変わった人だなと思いながら、僕も一緒になって男の手のひらを覗き込んでいた。
男はやっと僕を見た。
数え終わった小銭を握って差し出す。
その目は、虚ろなようで、血走っていた。
『ありがとうございます』
小銭を受け取った瞬間…

ばりっ

男は本を1ページ破った。
驚く僕をよそに、破ったページをくしゃっとまるめて口に入れた。
慌てて止める。
『何してるんですか』
男は僕の手を払いのけ、口を動かしている。
やがて、唾液でぐしゃぐしゃになったページを口から吐き出した。
『食えない…』
大の大人の男が、本を食べられない事を悲しがり泣き出した。
何だか怖くなり、何でもいいから早く店から追い出したくなった。
『本は食べられませんよ』
僕がなだめると、男は涙と鼻水でどろどろになった顔を上げ、『そんな事はない』と言った。
『食えるんだよ。

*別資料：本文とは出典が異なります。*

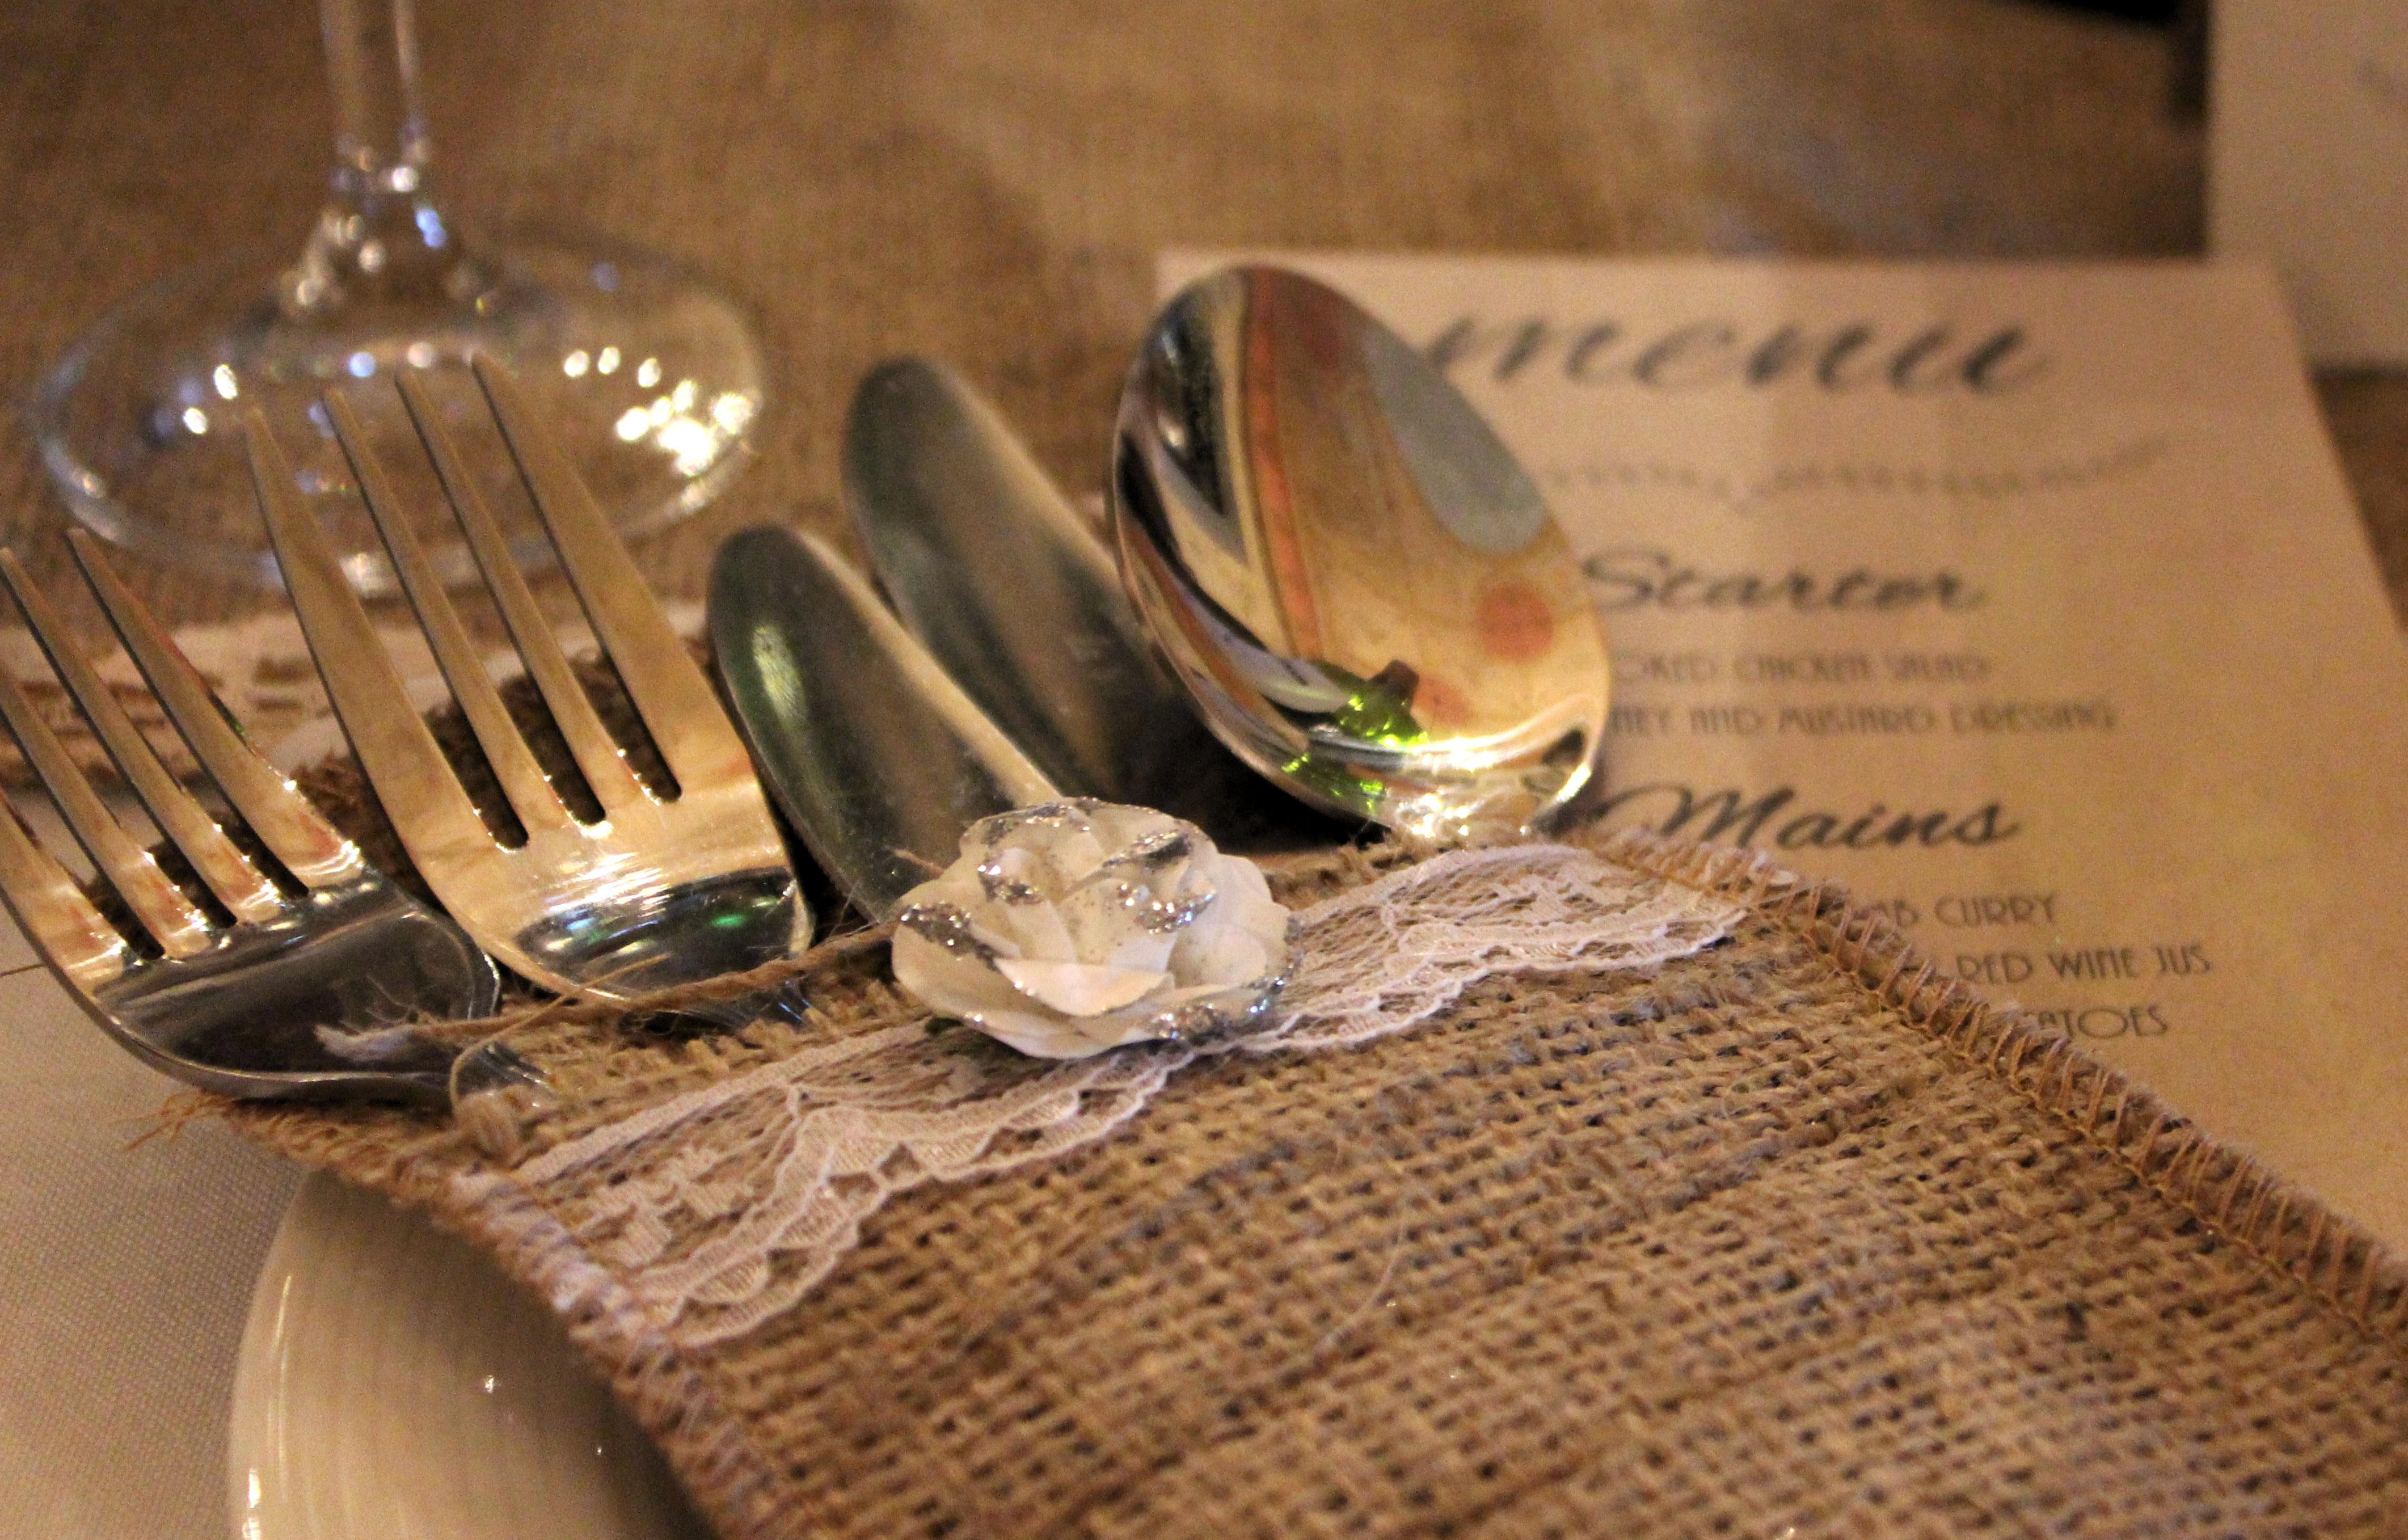 Free Images Board Wine Restaurant Celebration Decoration Meal - Restaurant table cards

現に俺は一冊食っちまったんだ』
何の事かさっぱり分からない。
でもこの人は、動く気配がない。
どうしたものか。
もっと分かりやすく怖い相手なら、警察でも呼ぶところだが、こんなに泣きじゃくっている人間相手にその対応は人情がない気がして腰が引けた。

とりあえず僕は、男にお茶とティッシュを渡した。
男は落ち着いてくると、もとの虚ろなような血走ったような目に戻った。
それから遠くを見ながら話し出した。
食べられる本の話を。


ただのサラリーマンだった。
毎日同じ時間に起きて、同じ電車に乗って。
たまに電車で見る女の子を見てかわいいな、なんて思って。
会社につけば、ひたすら愛想笑いをして書類に向かう。
暑い中、方にジャケットをひっかけながらハンカチで汗を拭きながら、お得意先まで行って特に興味もない野球の話に花を咲かせて。
夜、帰りの電車の中で読む小説なんかが楽しみだった。
人気のない電車。
あの照明は何だか明るくて薄い緑色に見えた。

あの日も電車を待ちながら、駅のホームにある売店で小説を物色していた。
一冊手に取ってパラパラめくりながら買おうかどうか迷っている時に、あの男が近づいてきた。
男は「小説を買うのかい?」と私に話しかけてきた。
へらりと笑って答えずにいたら、男は懐から一冊の本を取り出した。
私にそれを渡して来た。
正直、そんな行動を取る事自体も理解できなかったし、何よりもその風貌がお世辞にもきれいとは言い難かったので、私は受け取ることを躊躇した。
男は押しつけるように、私に本を押し当てて言った。
「たまには食べる本もいいだろう」
料理の本か何かだと思い「いえ、興味がありませんので」と断ったが、男は私に本を押し付けて歩きだした。
「あの…」
私が声をかけると、男は振り返って笑った。
「まあ、騙されたと思って口に入れてみればいい」
男は向き直ると、あっという間に階段に吸い込まれるように消えていった。
私はあっけにとられて、追いかける事も忘れていた。
ふと気付いた時には、もう遅かった。
どうしたものかと考えていたら、ちょうど電車が到着した。

まあ、相手も好意でくれると言ったのだから、読む読まないは置いておいてもらっておく分には構わないだろう、それくらいにしか思っていなかった。
電車に乗り込み、さっそく1ページ開いてみる。
「雲の上」
タイトルのページかと思った。
次のページをめくってみるが、次のページは何も書いていない。
その次のページも、その次のページも。
真白なページが続いている。
私は何が何だか分からなかった。
それを鞄にしまいこみ、何だか妙に疲れた気持になってそのまま眠ってしまった。
それからその本の事はすっかり忘れていた。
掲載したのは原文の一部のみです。